The target material and the backing plate obtained were heated to 220 ° C. to change the solder plating film on both surfaces into a molten solder film, and a eutectic solder of lead / tin = 38/62 was formed on each of them. Was added to form a molten solder layer, the joining surface of the target material was superimposed on the joining surface of the backing plate and adhered tightly, and then allowed to cool under a load and joined to produce a target. Of the molten solder described above, excess solder protruding from the peripheral edge of the joining surface was removed by chamfering the peripheral edge of the target. The joining strength between the target material and the backing plate of the obtained target was measured by a tensile strength test, and the joining ratio of the joining surface was measured by an ultrasonic flaw detector. The results are shown in Table 1.

Comparative Example 1 In Example 1, a method for forming a solder film on a plastically processed target material and a backing plate was as follows.
No solder plating is applied to the surfaces of the target material and the backing plate to be joined, and lead / tin = 38 /
A target was produced by joining the target material and the backing plate in exactly the same manner as in Example 1 except that the eutectic solder No. 62 was melted to form a solder film. Then, as in the first embodiment, of the above-mentioned molten solder, excess solder protruding from the peripheral edge of the joint surface was removed by chamfering the peripheral edge of the target. The joining strength of the obtained target was measured by a tensile strength test, and the joining rate of the joining surface was measured by an ultrasonic flaw detector. The results are shown in Table 1.

[0030]

[Table 1] Example 1 Comparative Example 1方法 Solder film forming method Plating method Heat melting method Bonding strength Average value (Kgf / mm ² ) 5.3 3.6 Bonding rate (%) 98 82 ──── ───────────────────────

As can be seen from the results of Example 1 and Comparative Example 1, a target having a high bonding ratio between the target material and the backing plate of the target bonded by the method of the present invention and having a high bonding strength (average value).

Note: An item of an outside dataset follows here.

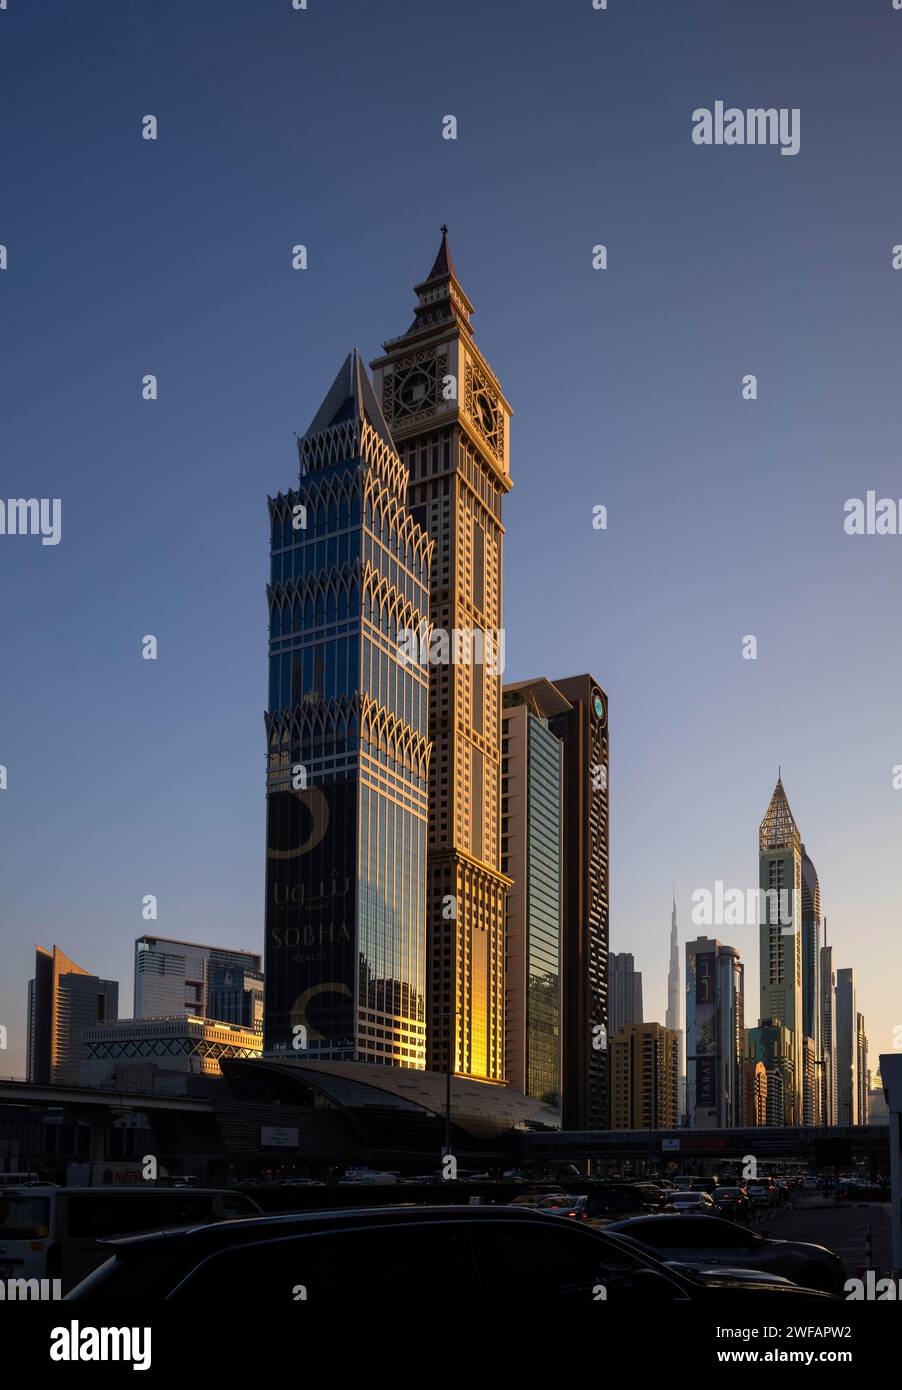 Burj Khalifa, Al Yaqoub Tower, Gerova Hotel, gratte-ciel, gratte-ciel, centre-ville, quartier financier, lumière du soir, heure dorée, Dubaï, arabe Uni Banque D'Images

Met.

[0032]

According to the present invention described above, in a target manufacturing method in which a target material and a backing plate are joined by a soldering method, at least a solder coating is applied to at least a joint surface of the target material by a solder plating method. After forming, by soldering, it is possible to avoid the influence of the oxide film formed on the surface of the target material, to provide a target having a high bonding rate and a high level of bonding strength. The target value is great.

Claims (1)

[Claims] 1. A method for manufacturing a sputtering target, wherein a sputtering target material and a backing plate are joined by a soldering method, wherein a solder coating layer is formed on at least a surface of the sputtering target material joined by an electroplating method. Manufacturing method.